- Assignment
Leaving the pictures aside, transcribe every line below exactly.

- Source material
_ _ _ _ _ _ _

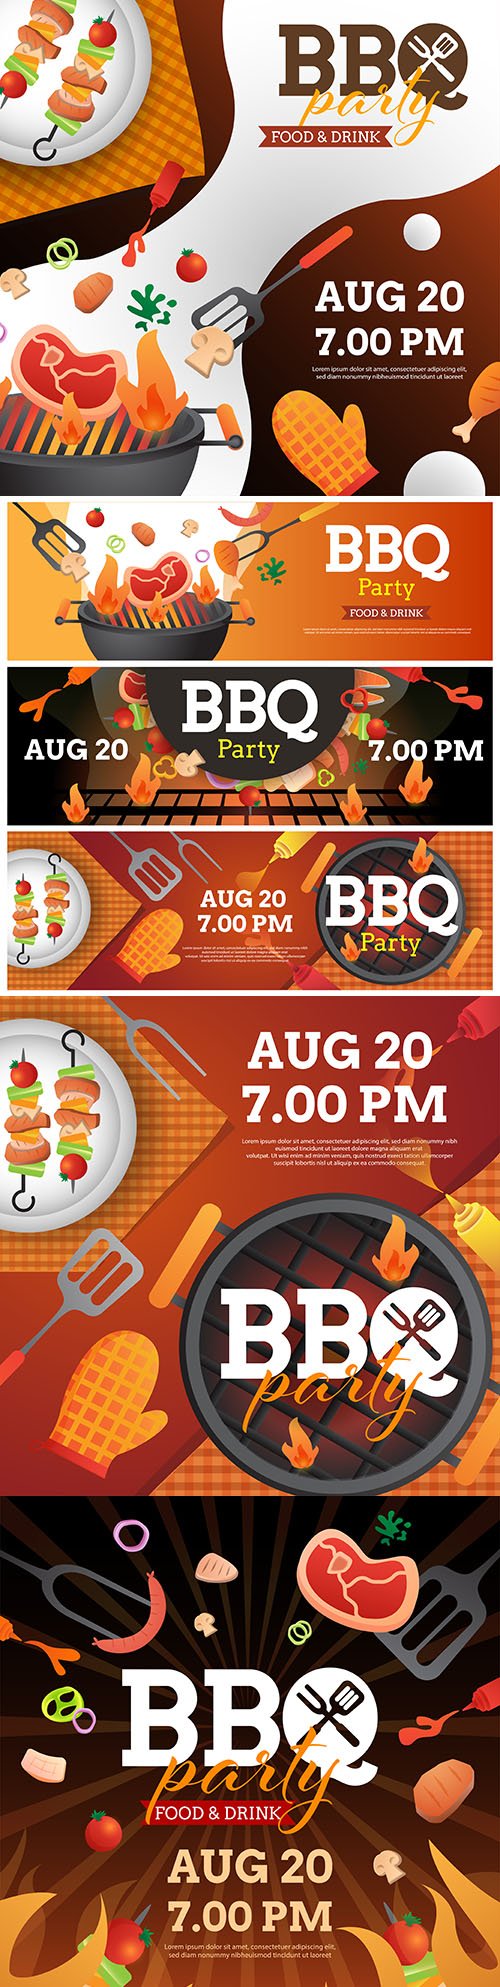 Barbecue invitation template with grill design
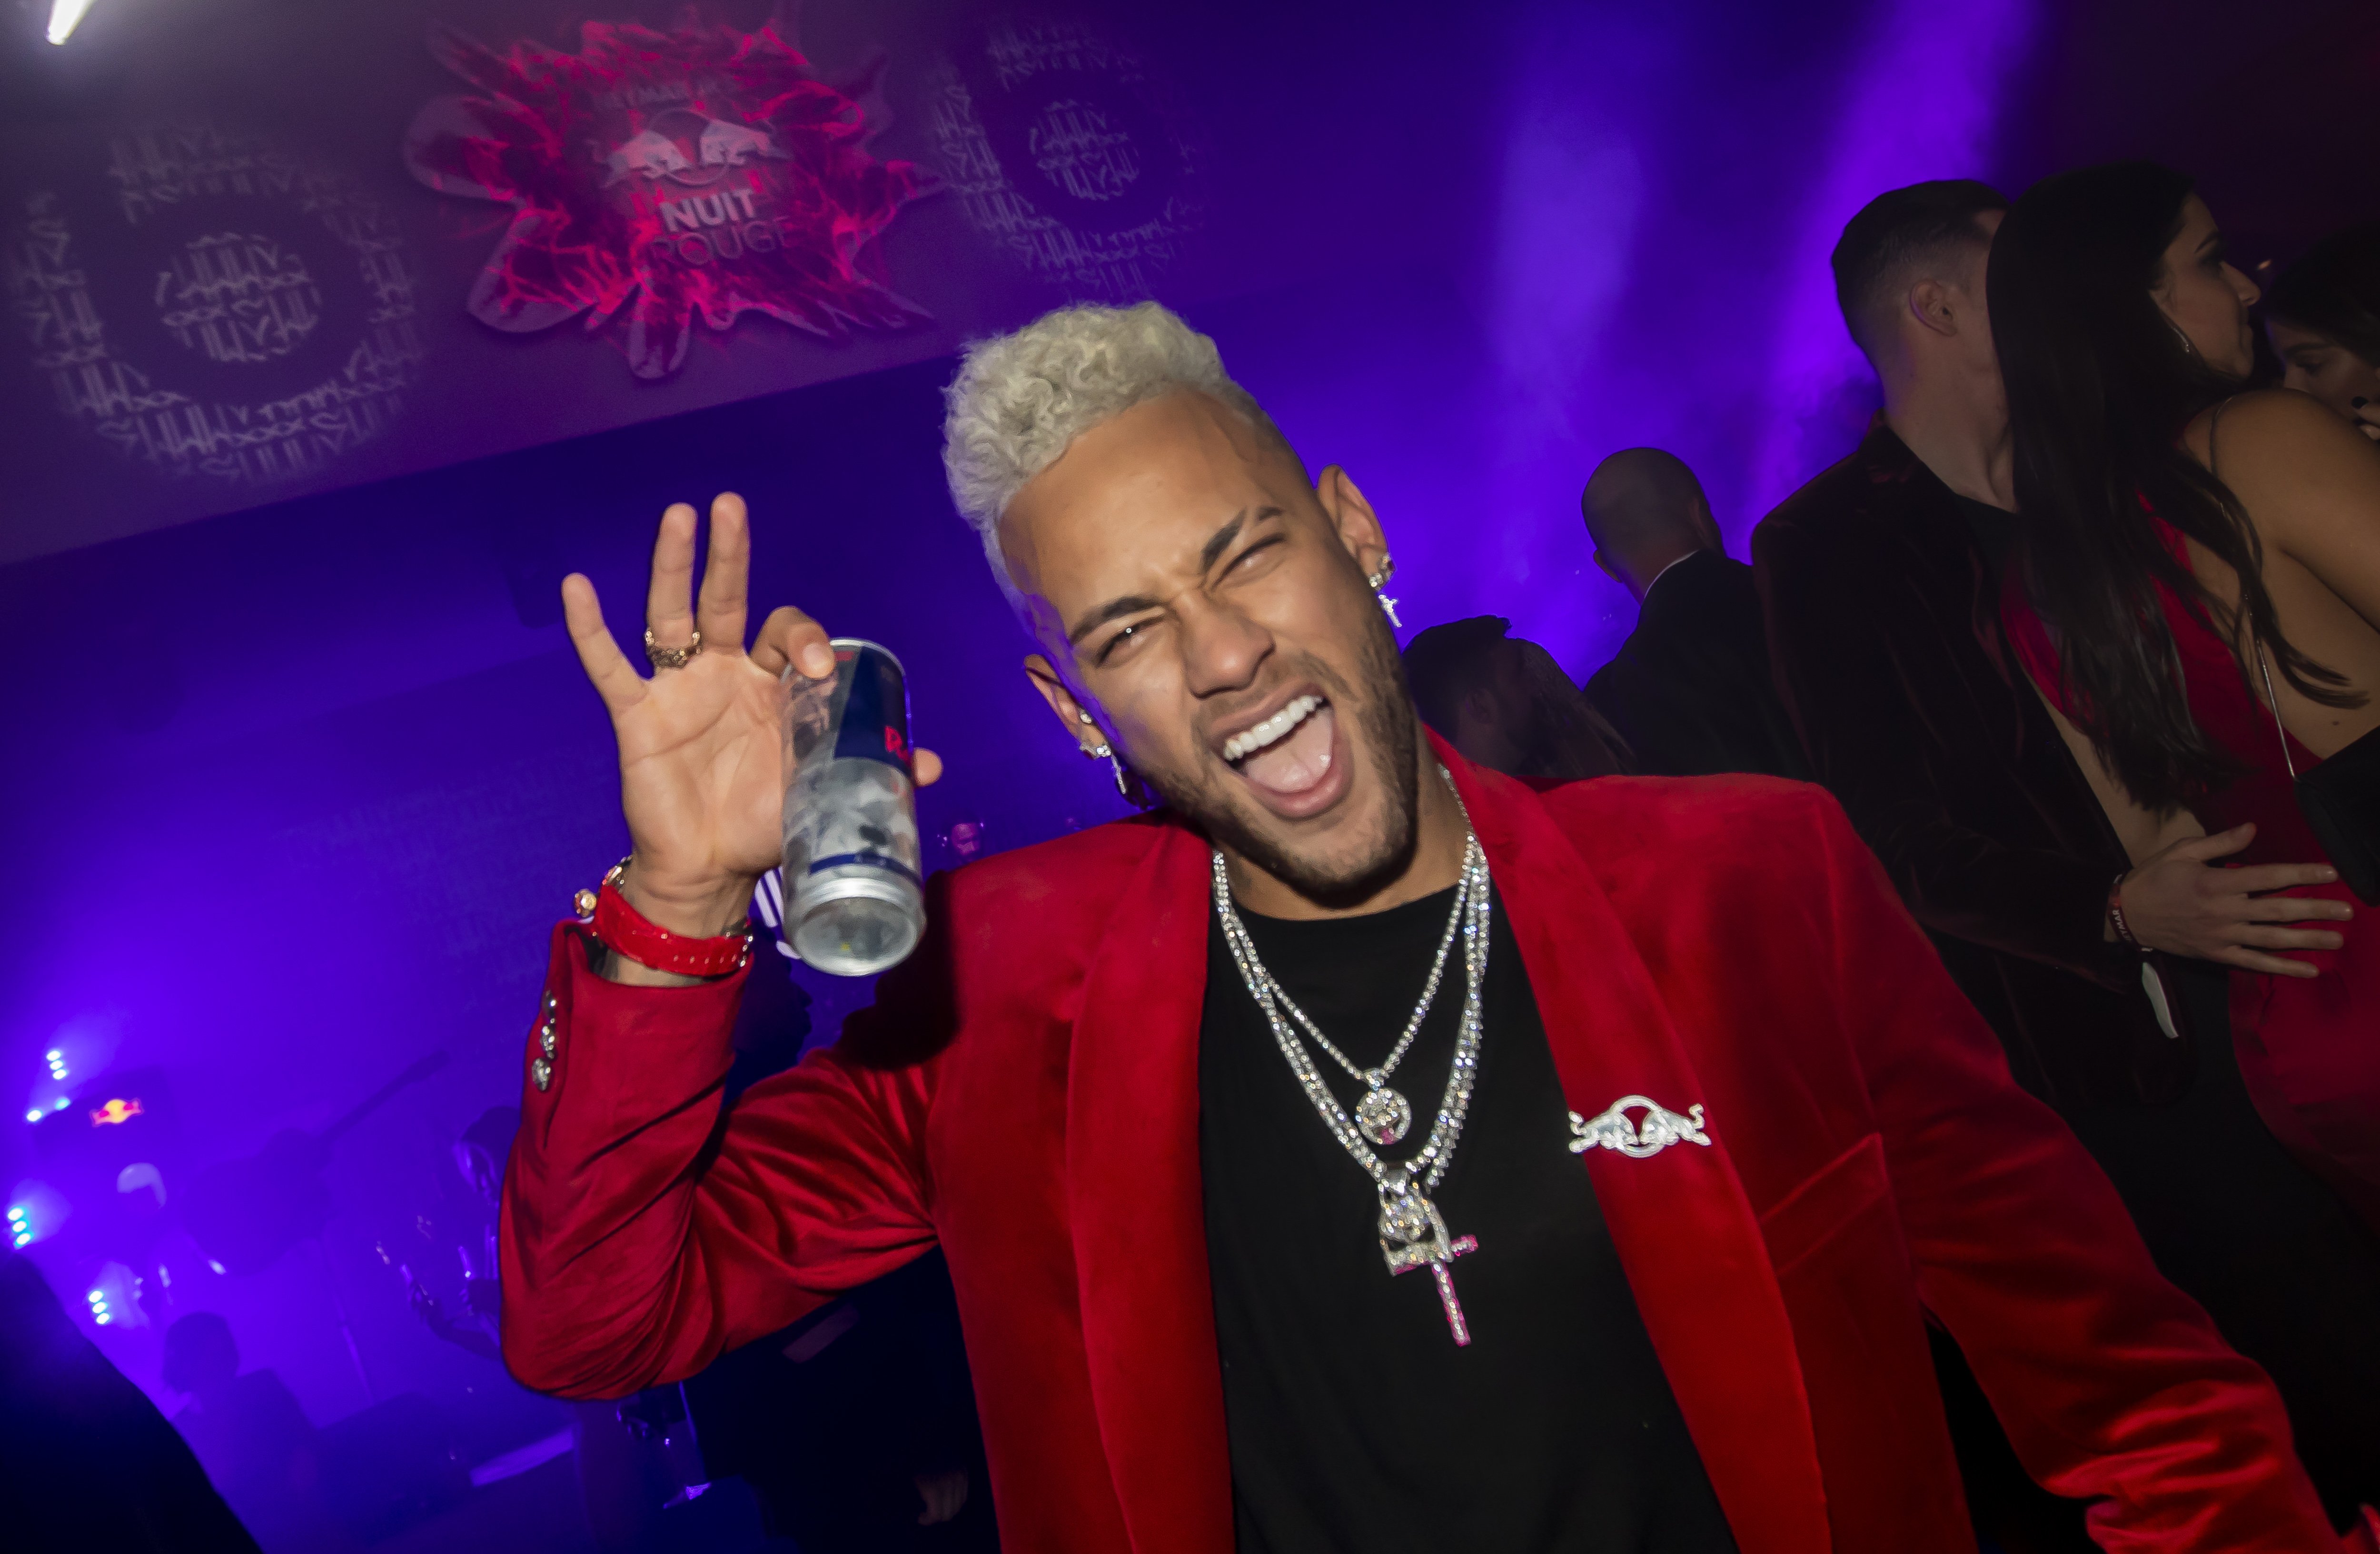 La excéntrica fiesta de cumpleaños de Neymar: famosos y glamour para sus 27 años
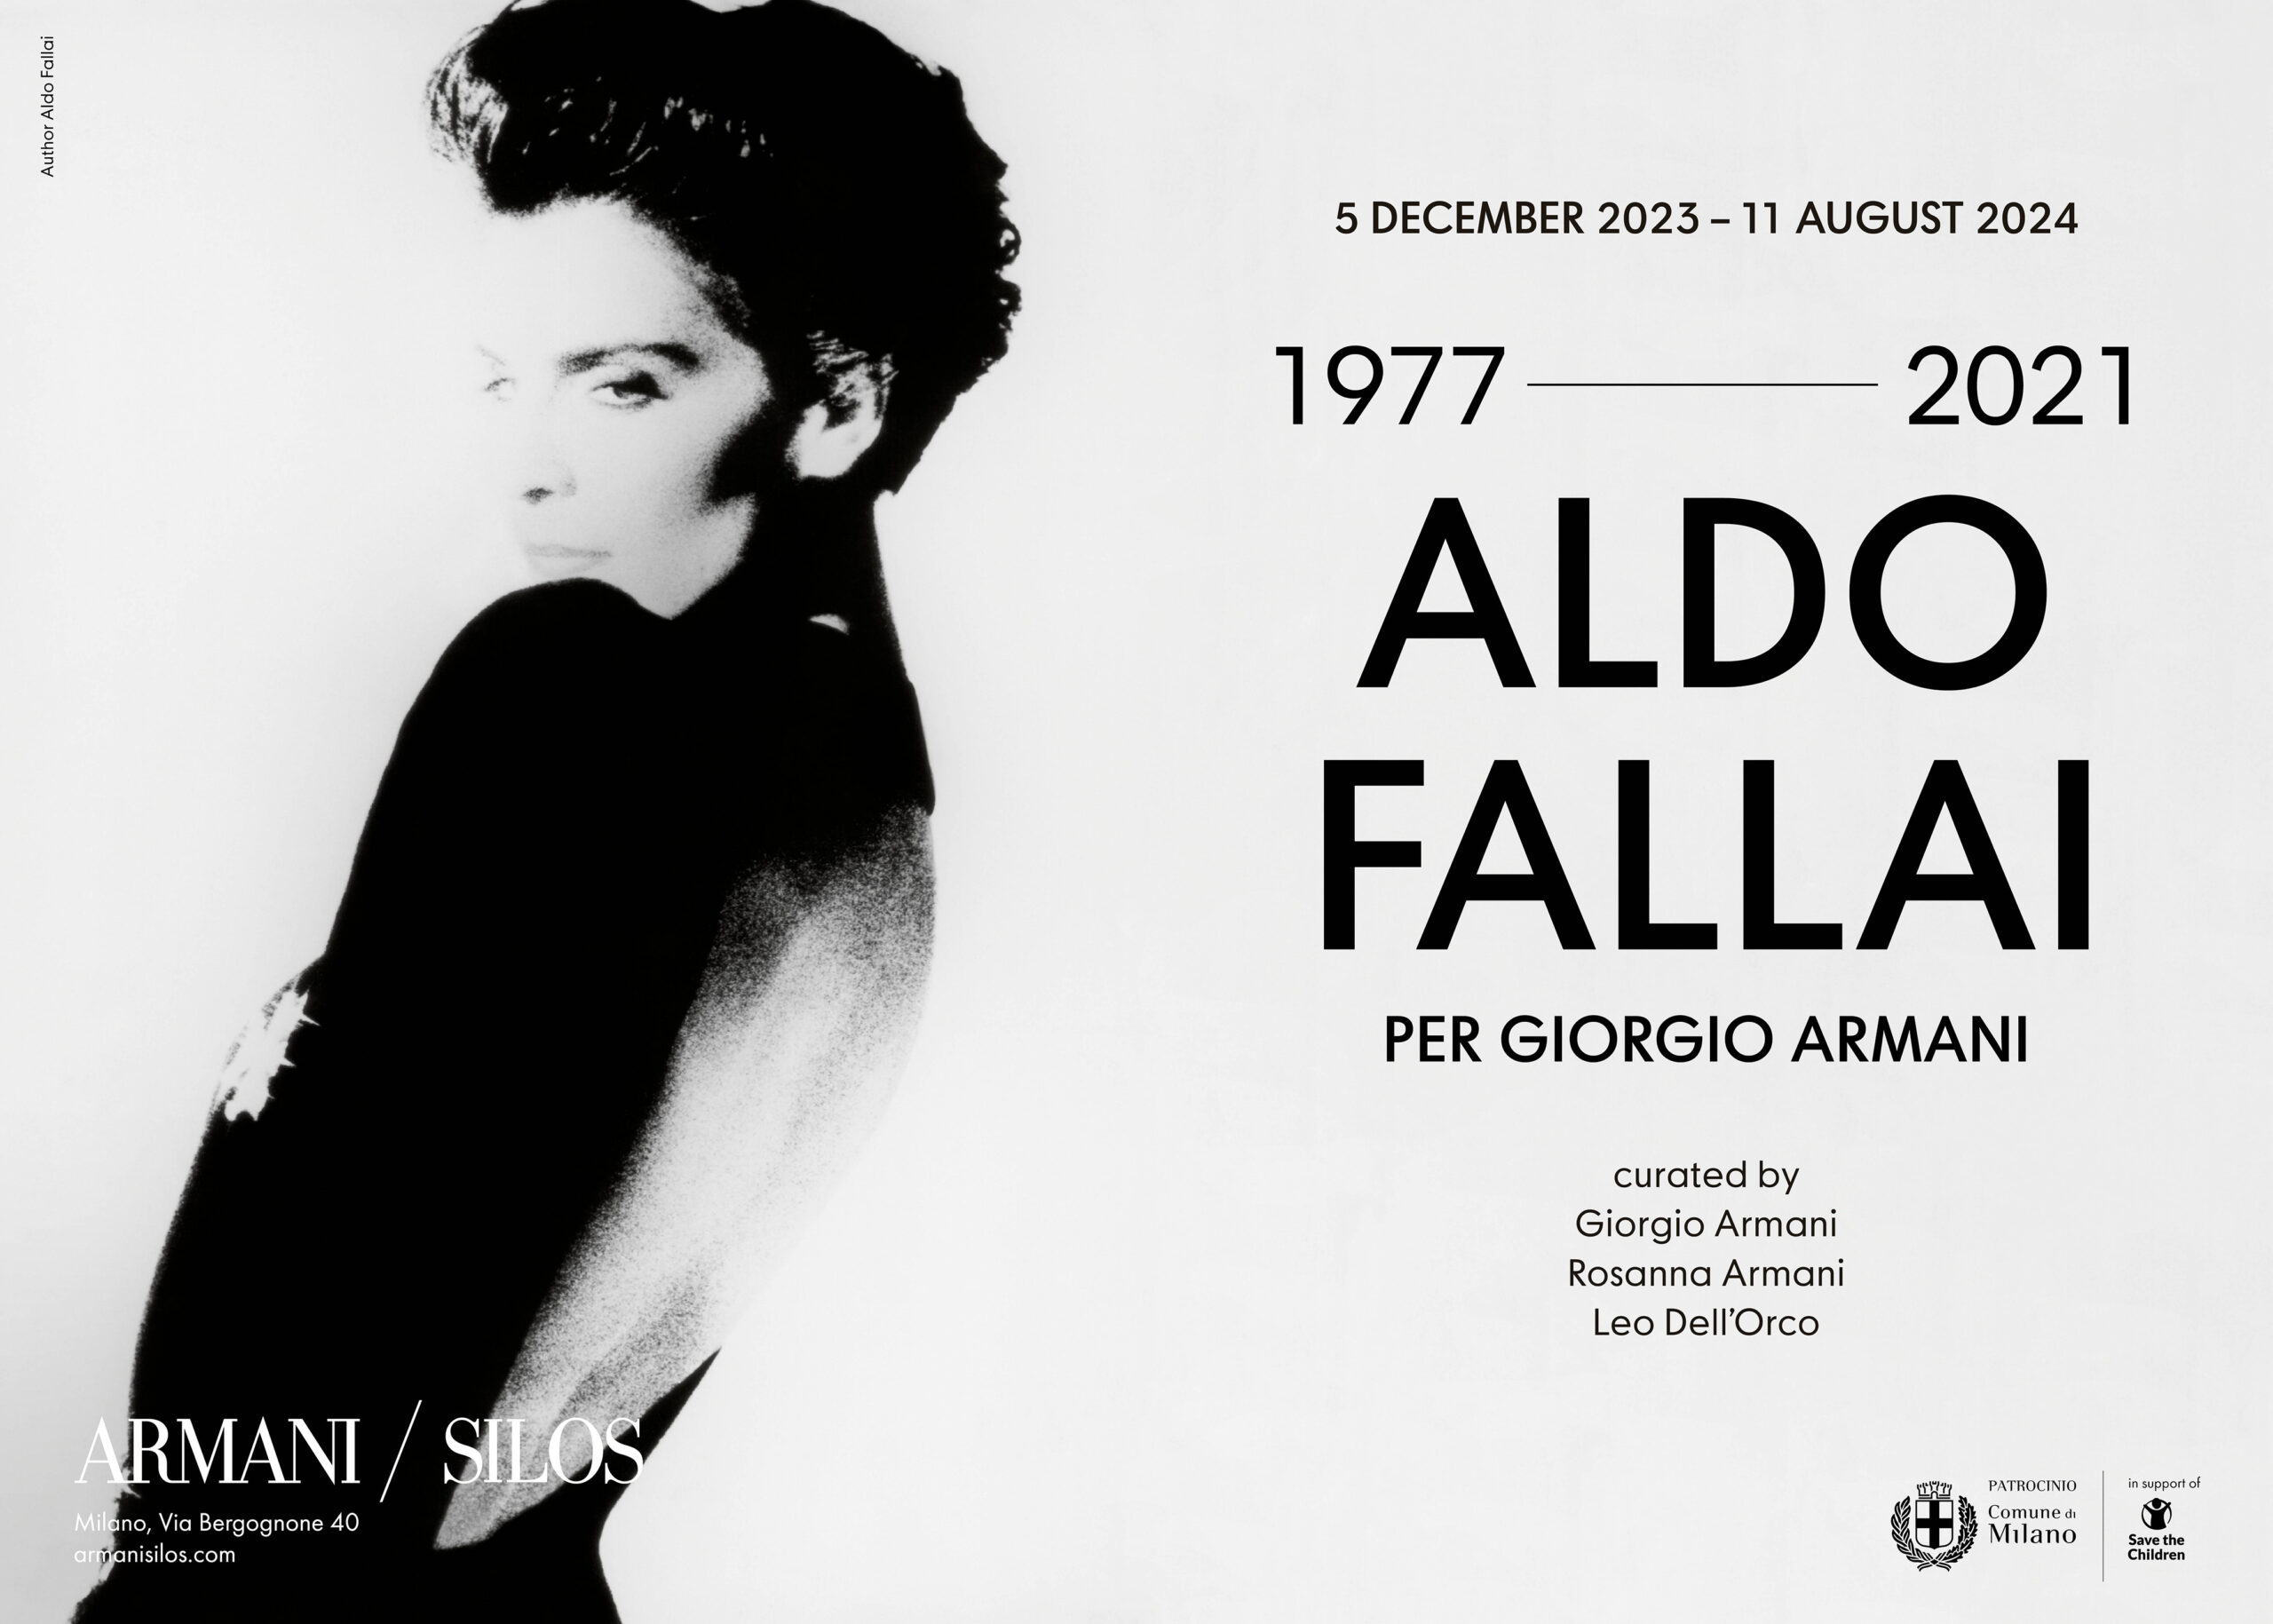 Giorgio Armani Unveils “Aldo Fallai per Giorgio Armani, 1977-2021” Exhibition at Armani/Silos

_ _ _ _ _ _ _

- Solution for this exercise
 Barbecue invitation template with grill design
 La excéntrica fiesta de cumpleaños de Neymar: famosos y glamour para sus 27 años
 Giorgio Armani Unveils “Aldo Fallai per Giorgio Armani, 1977-2021” Exhibition at Armani/Silos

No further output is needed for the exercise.